Andrew Mason, the founder and former CEO of Groupon who was unceremoniously dumped by the company’s board amid financial disaster, will go down in the annals as one of the most gracious people ever told to pack his office.
The fired CEO shot off a letter to his former employees, that starts with a pretty bleak joke, leads in to unfettered acceptance of fault for the group discount company’s downward spiral, references an early nineties Nintendo game, and praises both the board and the company’s staff, before making a self-deprecating fat joke and issuing a sincere farewell.
The internet is buzzing about the founder of the one-time start-up’s unusual letter, and The Guardian’s technology blog was nice enough to provides the full text, which you can read below.
People of Groupon,
After four and a half intense and wonderful years as CEO of Groupon, I’ve decided that I’d like to spend more time with my family. Just kidding – I was fired today. If you’re wondering why … you haven’t been paying attention. From controversial metrics in our S1 to our material weakness to two quarters of missing our own expectations and a stock price that’s hovering around one quarter of our listing price, the events of the last year and a half speak for themselves. As CEO, I am accountable.

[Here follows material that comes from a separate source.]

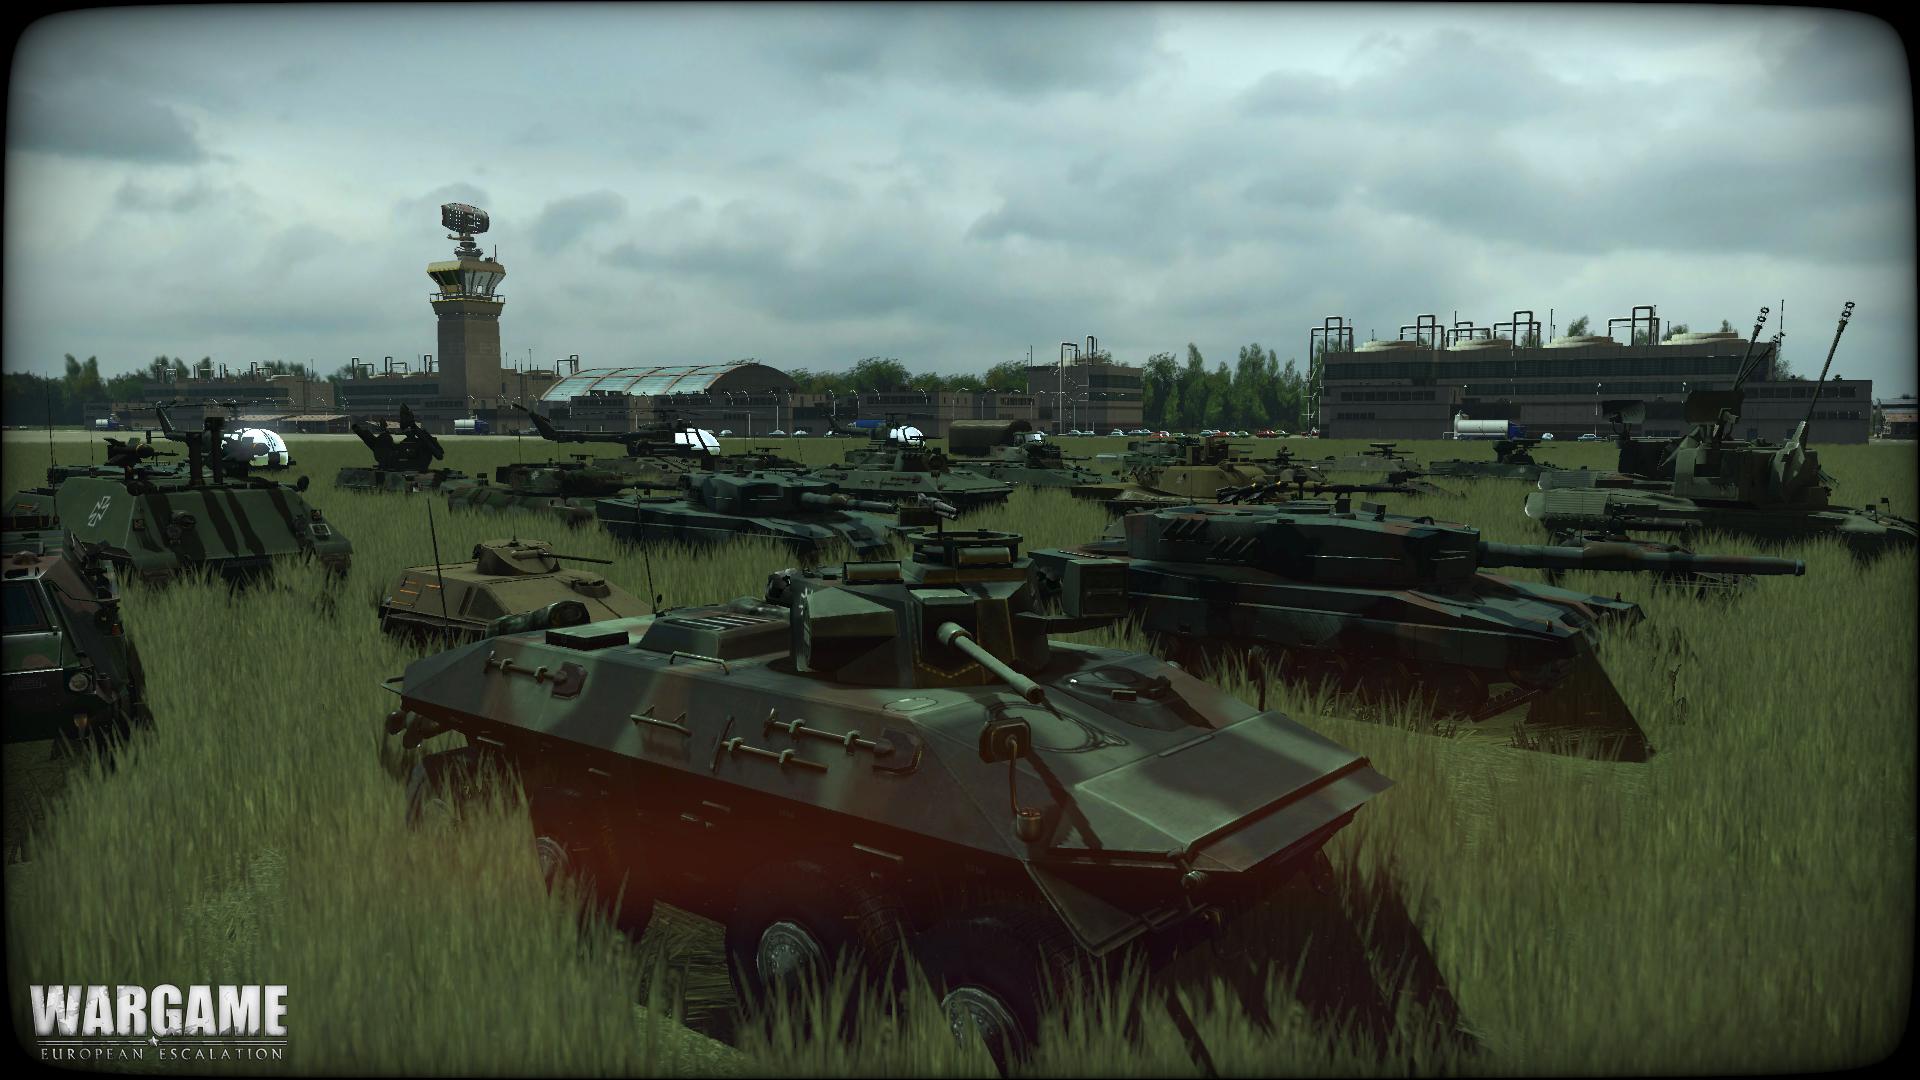 Obrázky z Wargame: European Escalation 59298

You are doing amazing things at Groupon, and you deserve the outside world to give you a second chance. I’m getting in the way of that. A fresh CEO earns you that chance. The board is aligned behind the strategy we’ve shared over the last few months, and I’ve never seen you working together more effectively as a global company – it’s time to give Groupon a relief valve from the public noise.
For those who are concerned about me, please don’t be – I love Groupon, and I’m terribly proud of what we’ve created. I’m OK with having failed at this part of the journey. If Groupon was Battletoads, it would be like I made it all the way to the Terra Tubes without dying on my first ever play through. I am so lucky to have had the opportunity to take the company this far with all of you. I’ll now take some time to decompress (FYI I’m looking for a good fat camp to lose my Groupon 40, if anyone has a suggestion), and then maybe I’ll figure out how to channel this experience into something productive.
If there’s one piece of wisdom that this simple pilgrim would like to impart upon you: have the courage to start with the customer. My biggest regrets are the moments that I let a lack of data override my intuition on what’s best for our customers. This leadership change gives you some breathing room to break bad habits and deliver sustainable customer happiness – don’t waste the opportunity!
I will miss you terribly.
Even if you haven’t found yourself on Team Groupon in the past — the company has been widely criticized for a business model that allegedly takes advantage of mom and pop businesses — it’s hard not to be on Team Mason after this very cool goodbye.